__How to complete this task__. Only the pictures are to be left out; the listing itself is repeated exactly.
[Provided material — start]
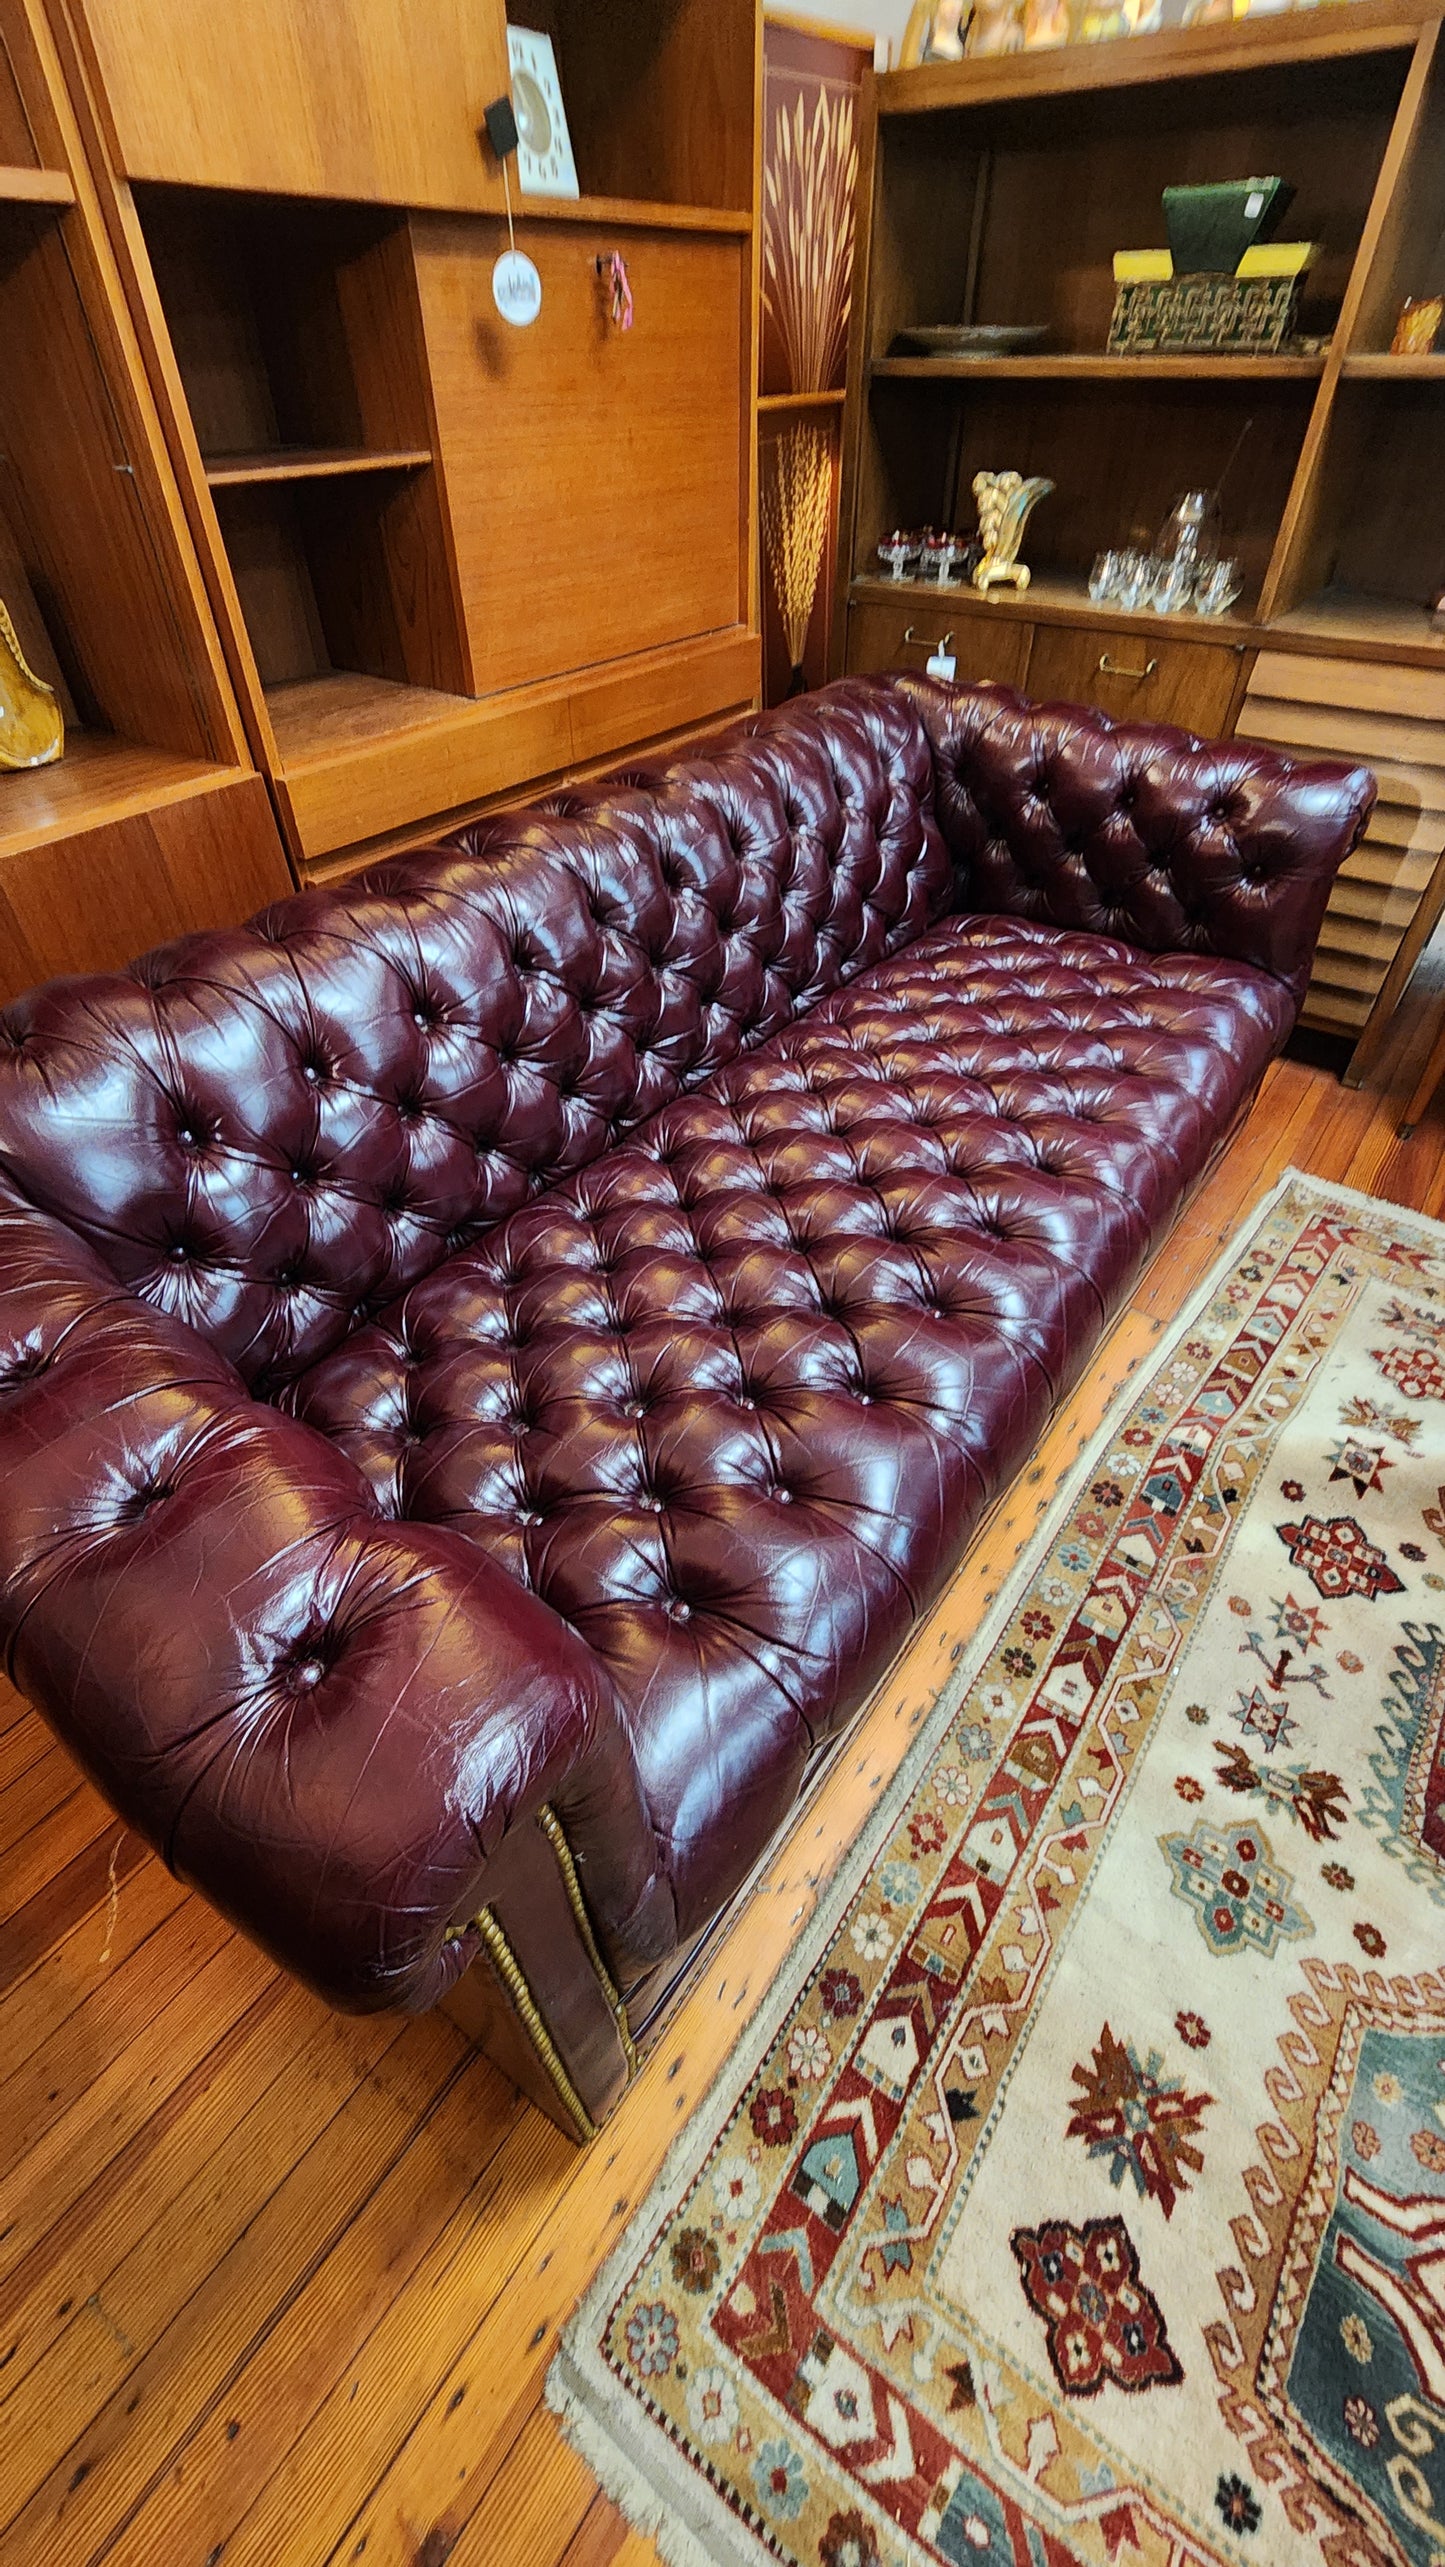 Vintage Chesterfield Sofa in Cognac
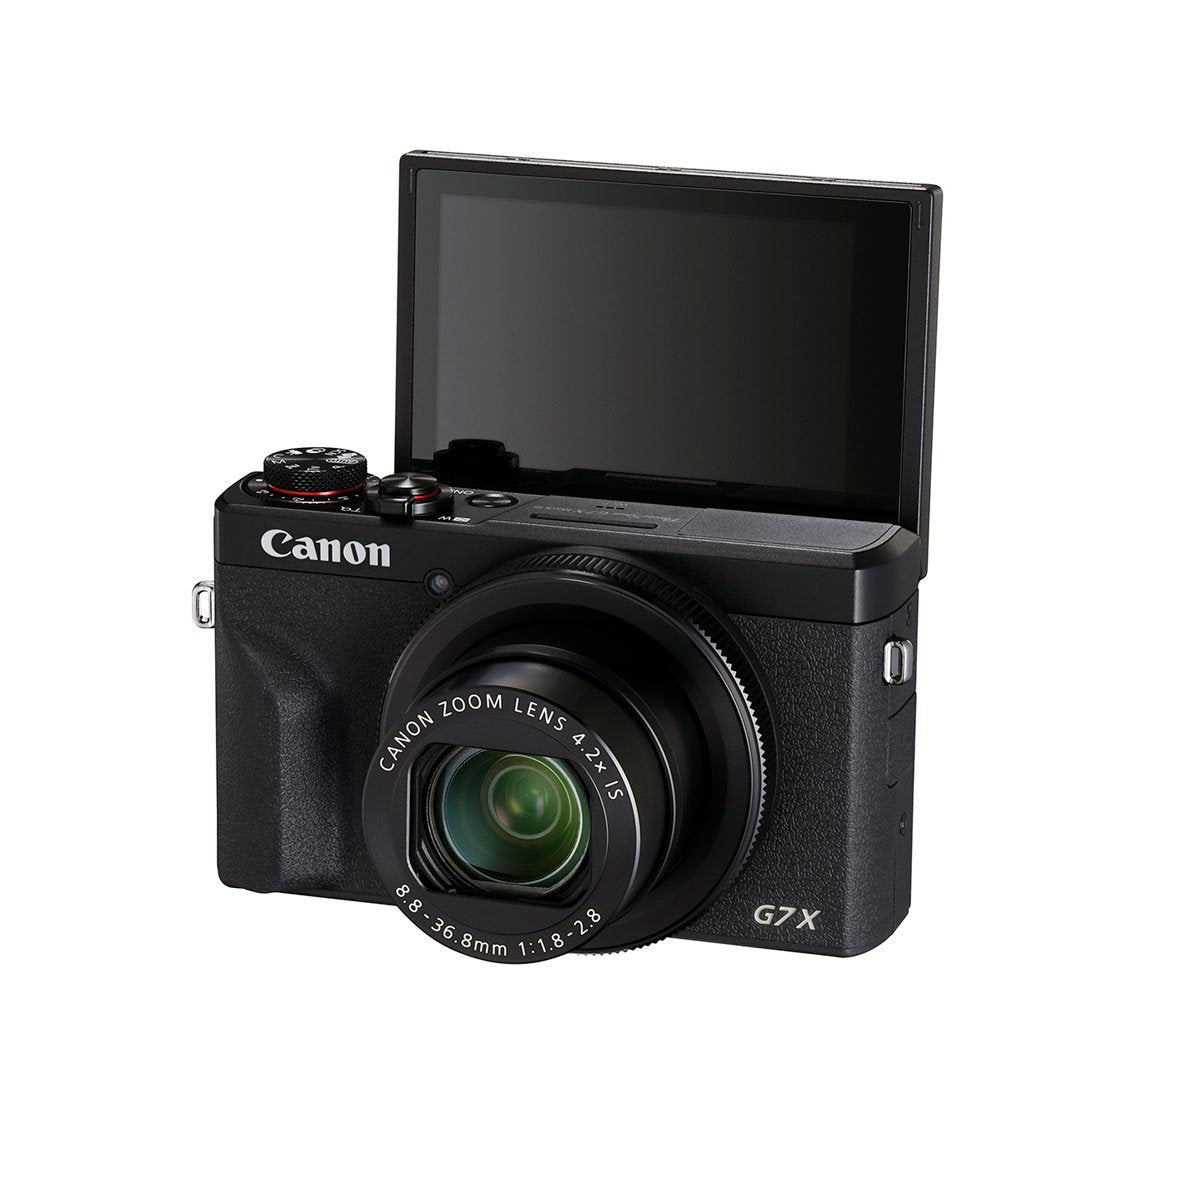 Canon Powershot G7X Mark III Video Creator Kit
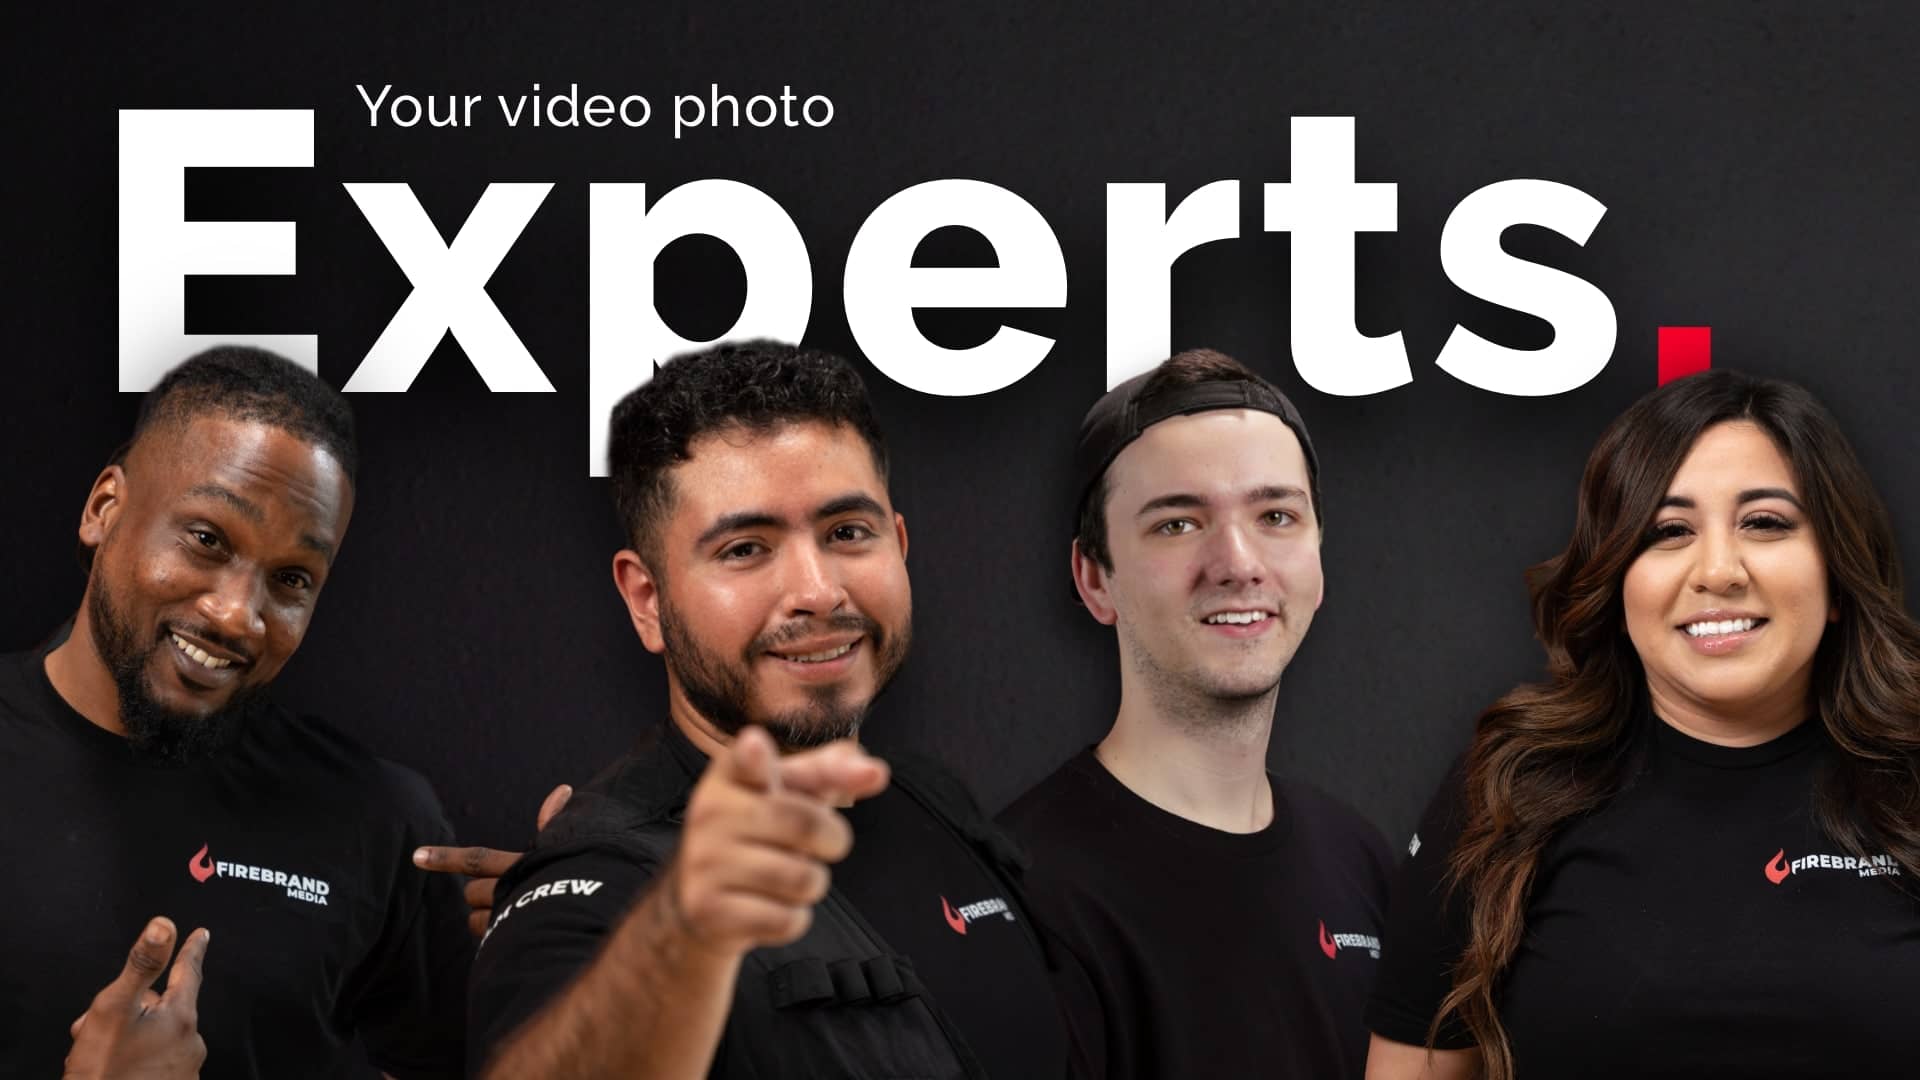 Dallas videographers at video production/marketing company
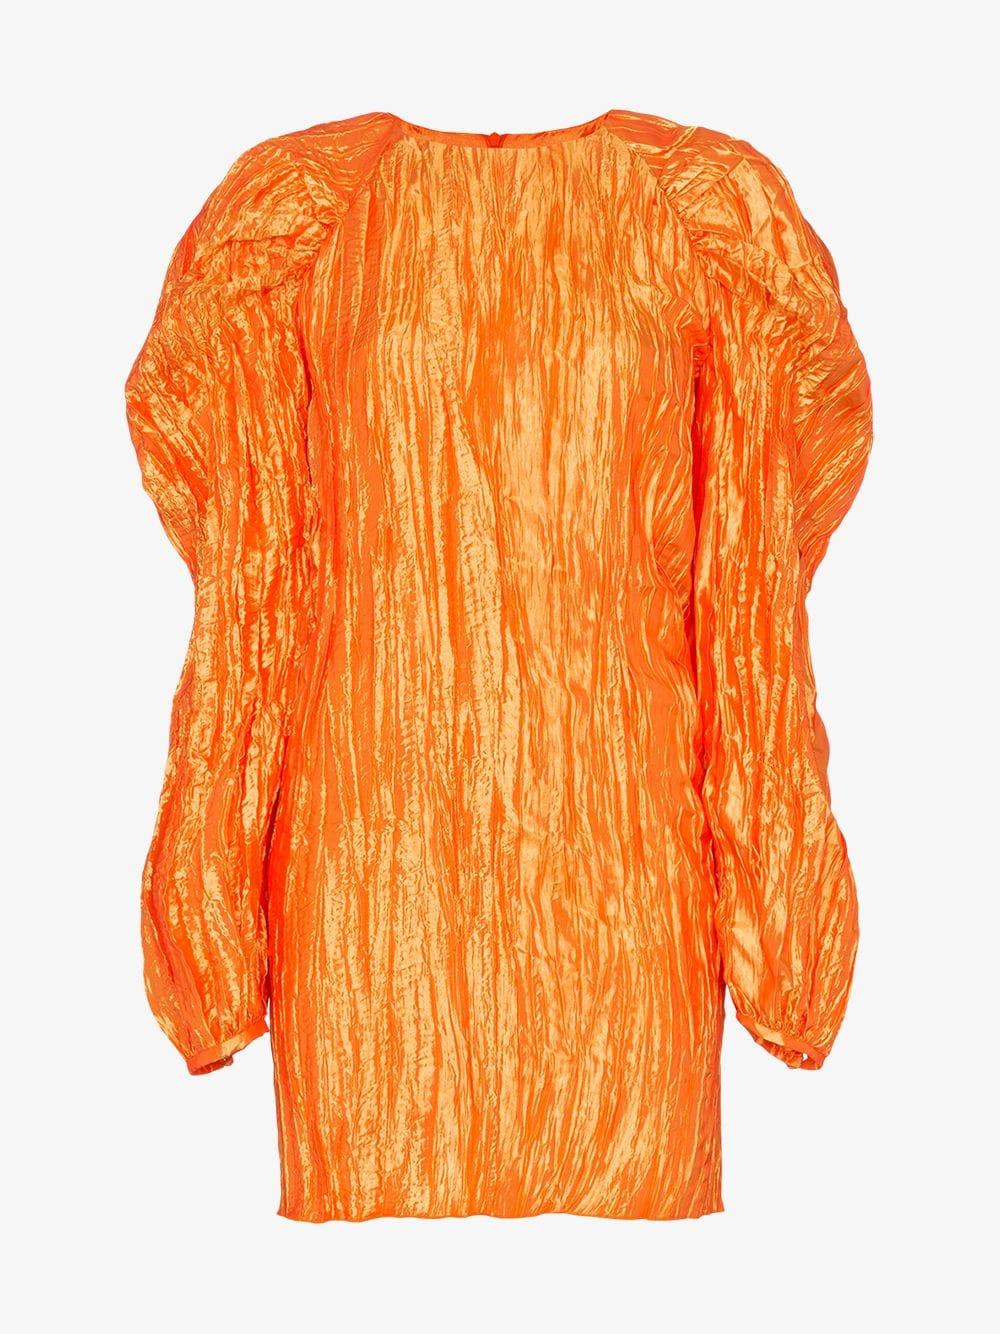 ROTATE BIRGER CHRISTENSEN Synthetic Textured Crinkle Mini Dress in Orange -  Lyst
[Provided material — finish]
__Answer__.
 Vintage Chesterfield Sofa in Cognac
 Canon Powershot G7X Mark III Video Creator Kit
 Dallas videographers at video production/marketing company
 ROTATE BIRGER CHRISTENSEN Synthetic Textured Crinkle Mini Dress in Orange -  Lyst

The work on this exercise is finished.